▶ **Exercise data**
--------------------

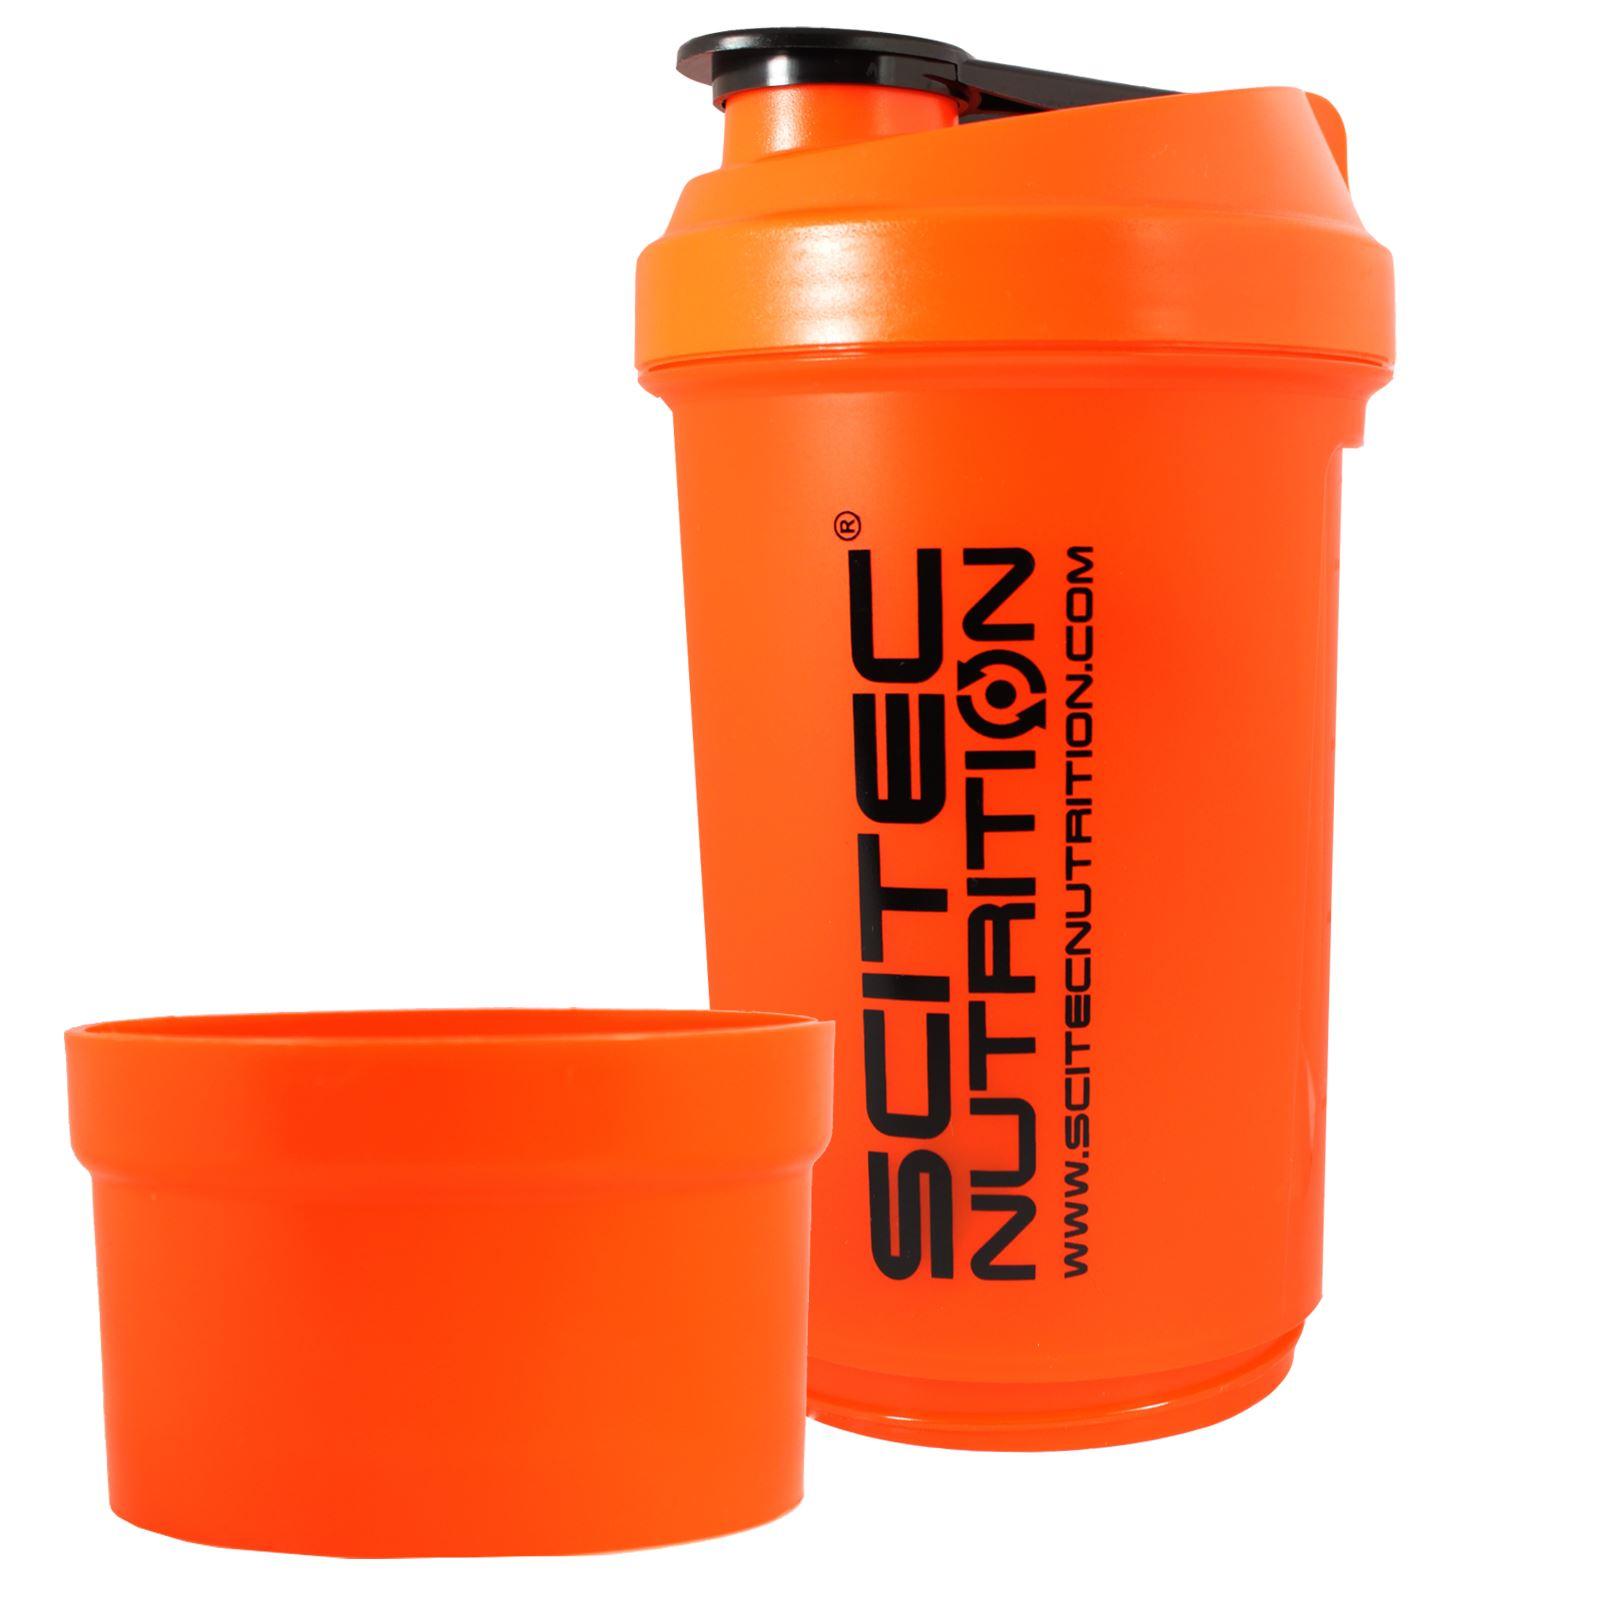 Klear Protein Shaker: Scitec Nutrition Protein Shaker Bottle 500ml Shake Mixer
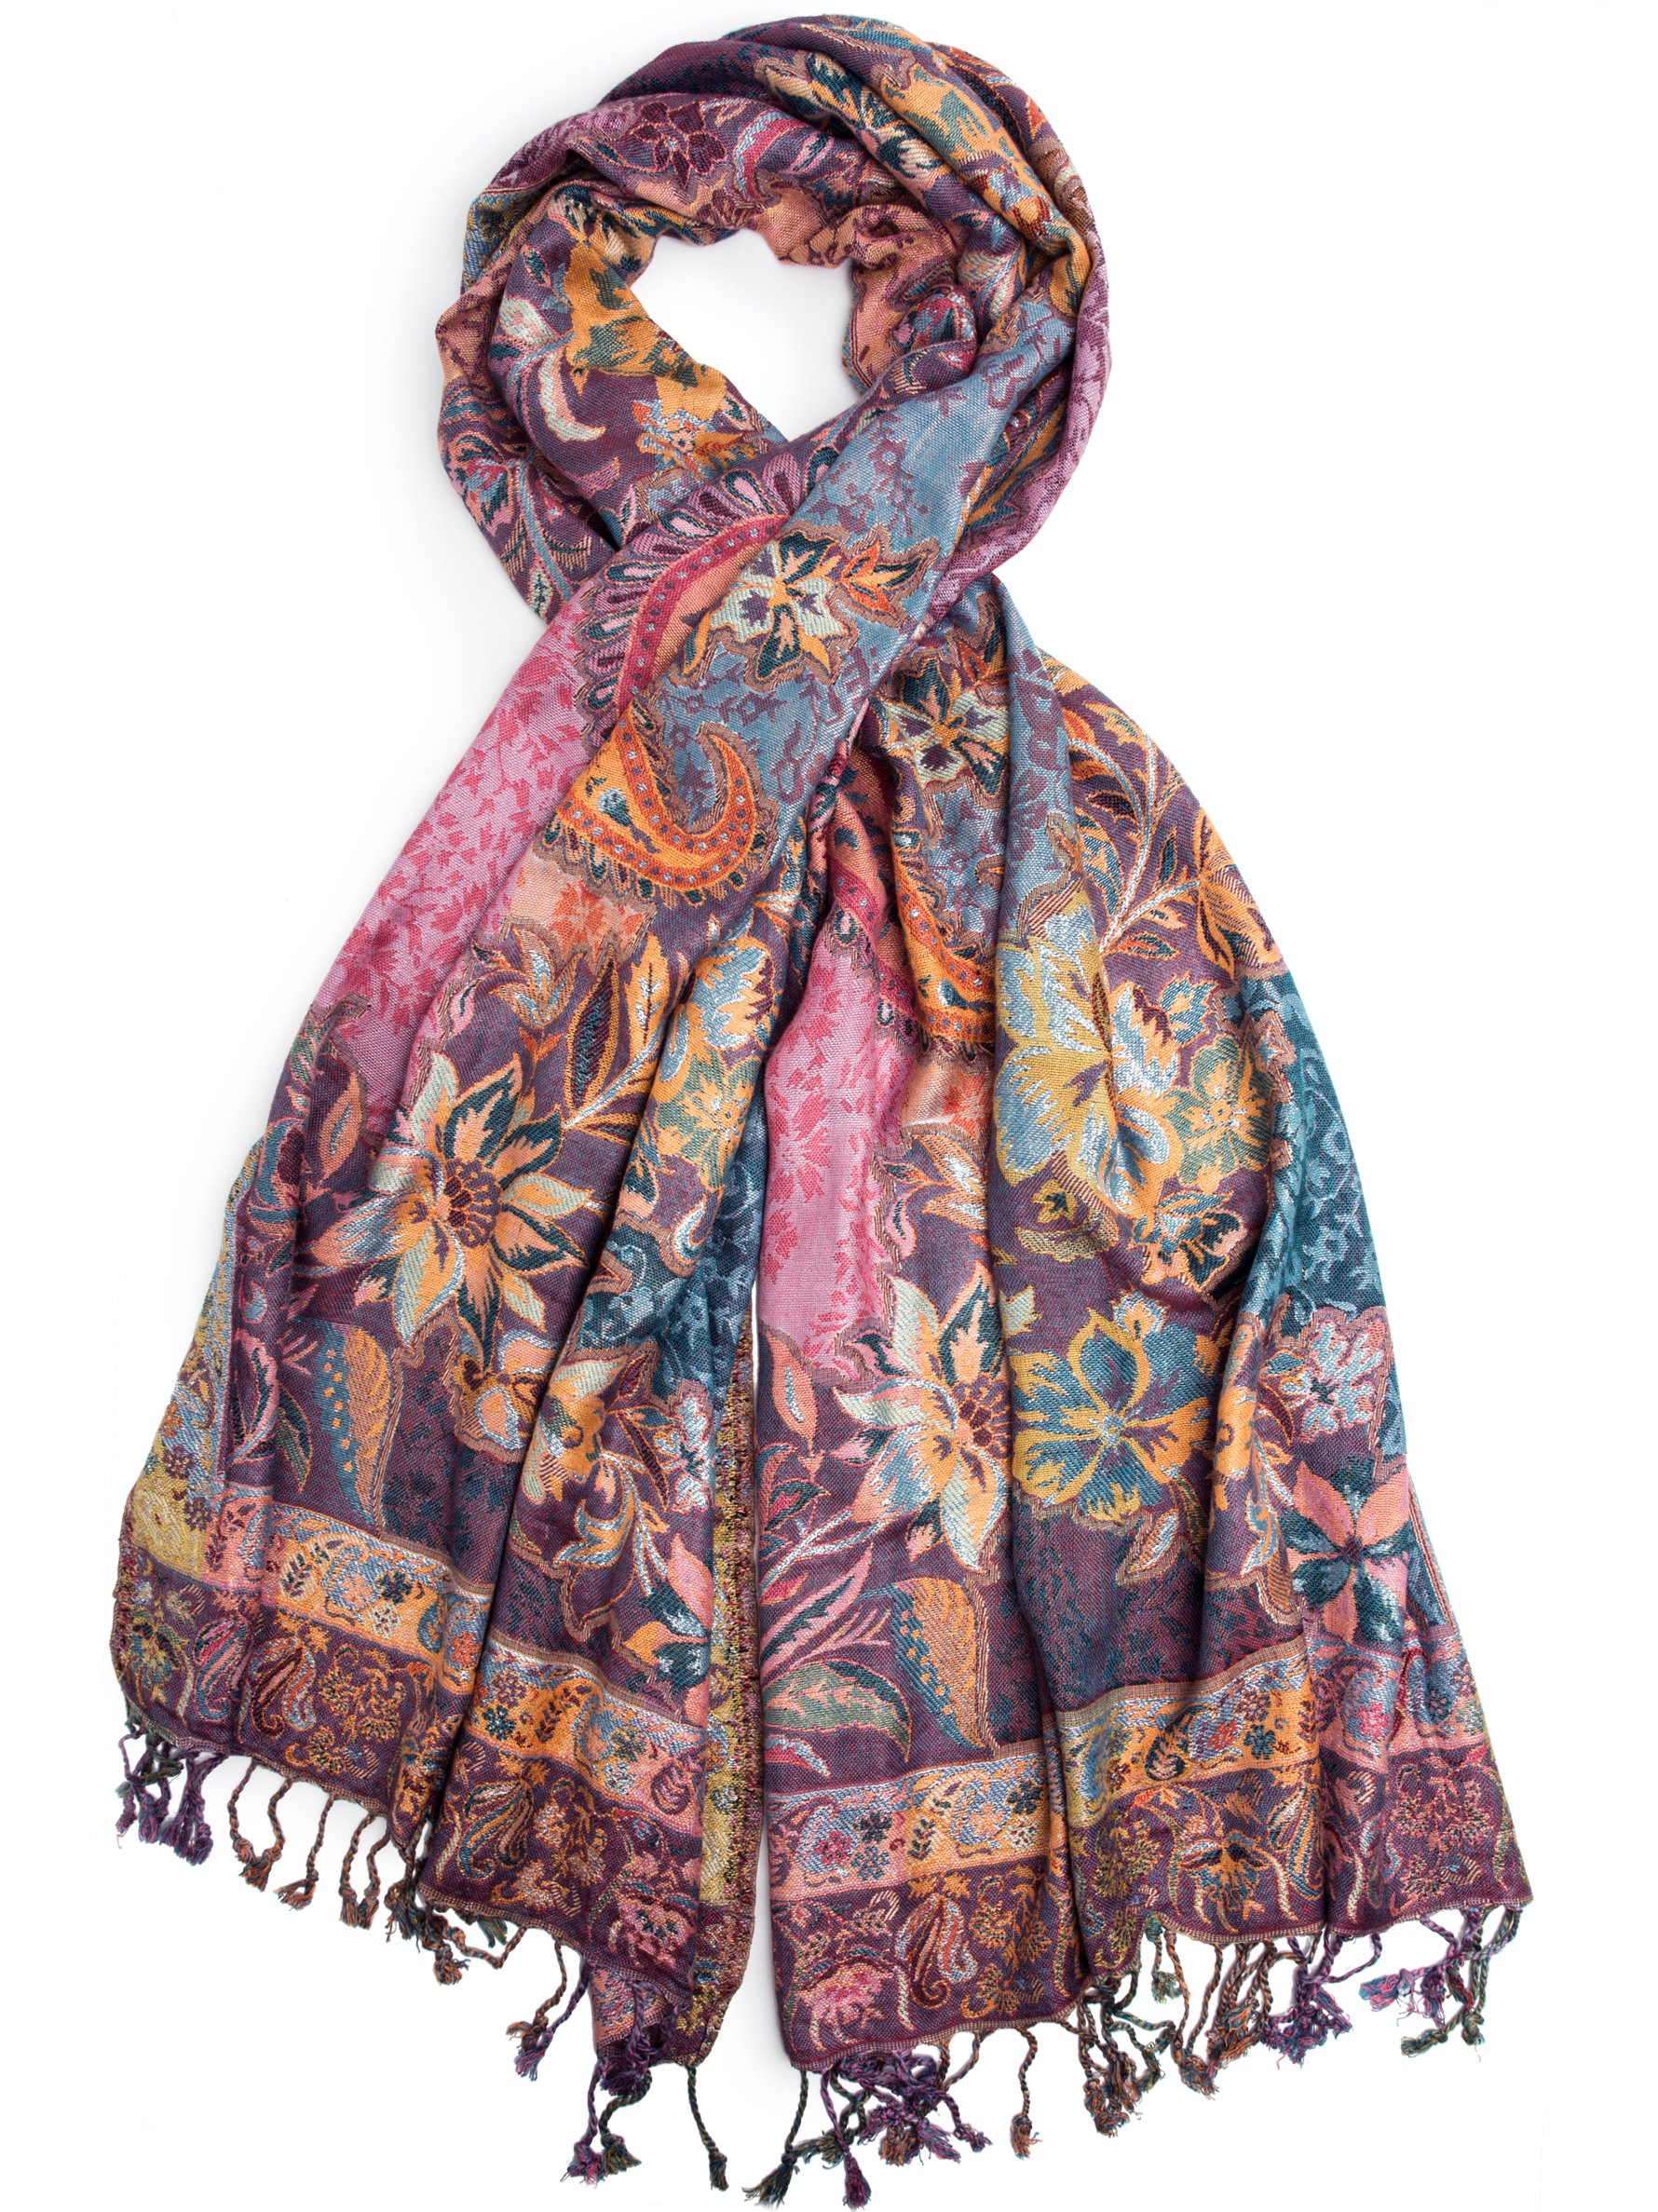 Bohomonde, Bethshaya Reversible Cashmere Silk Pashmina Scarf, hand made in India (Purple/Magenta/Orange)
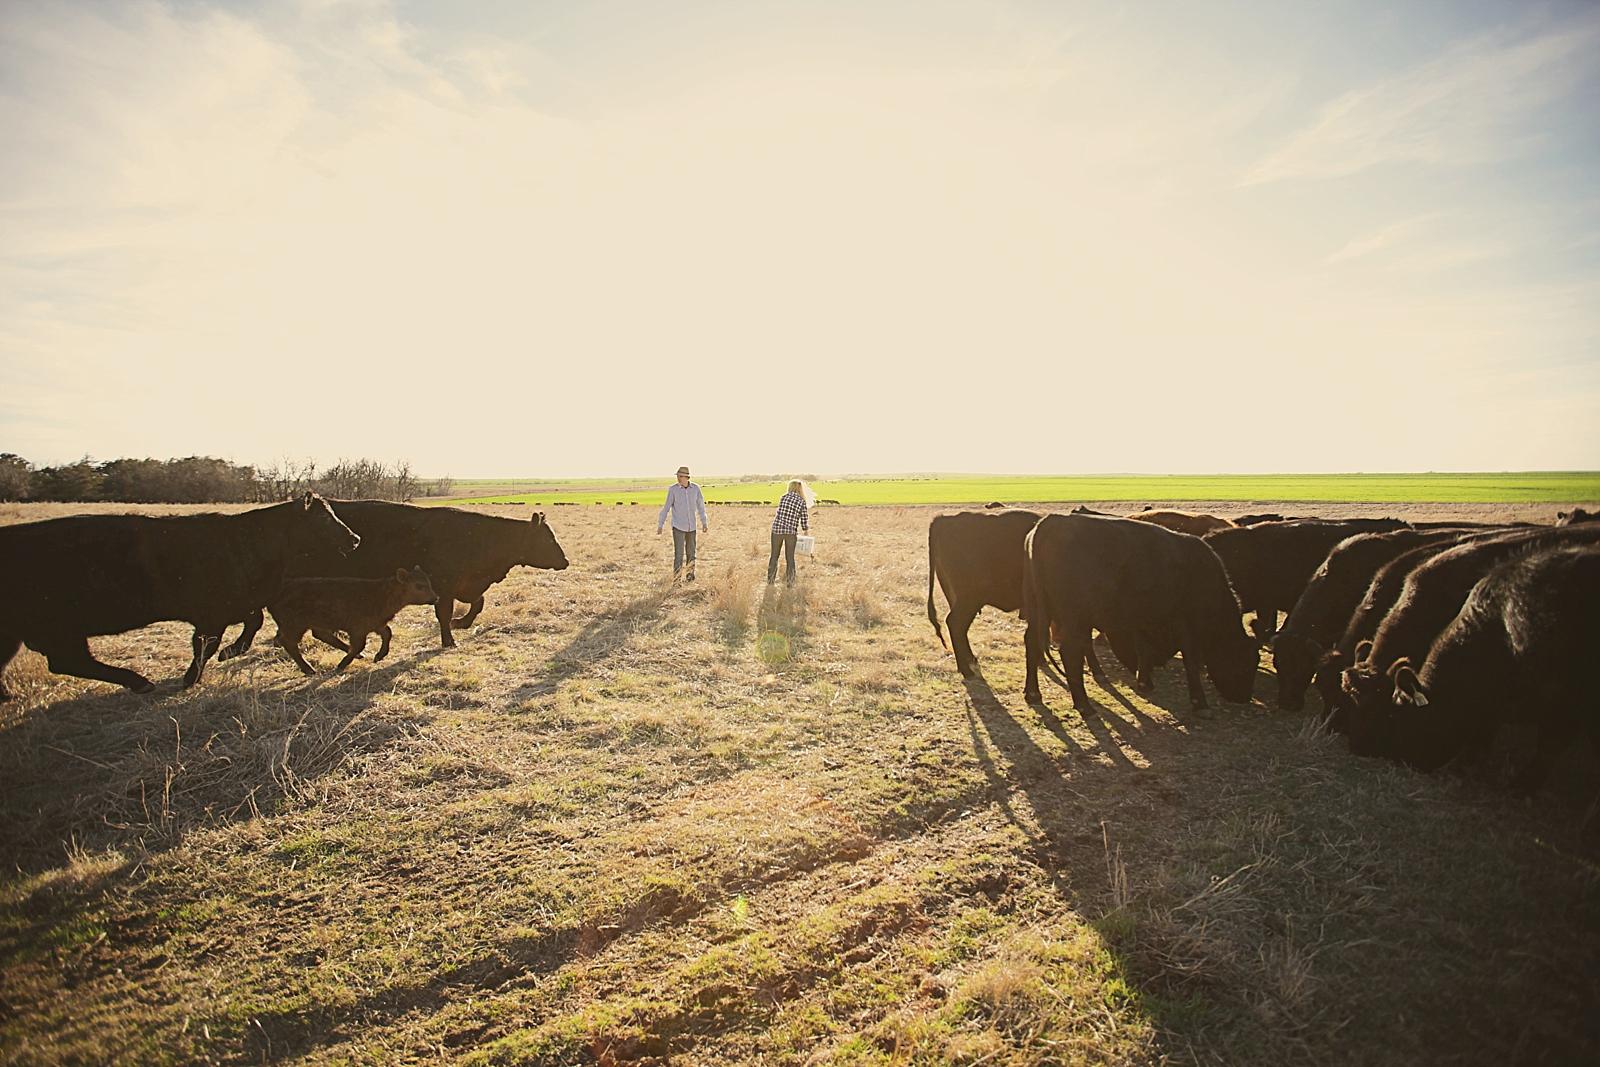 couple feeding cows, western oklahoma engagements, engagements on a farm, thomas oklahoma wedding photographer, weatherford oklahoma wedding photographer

--------------------

▶ **What you are asked to do**
Pictures are to be dropped, and the remaining data set down exactly.

▶ **Your solution**
 Klear Protein Shaker: Scitec Nutrition Protein Shaker Bottle 500ml Shake Mixer
 Bohomonde, Bethshaya Reversible Cashmere Silk Pashmina Scarf, hand made in India (Purple/Magenta/Orange)
 couple feeding cows, western oklahoma engagements, engagements on a farm, thomas oklahoma wedding photographer, weatherford oklahoma wedding photographer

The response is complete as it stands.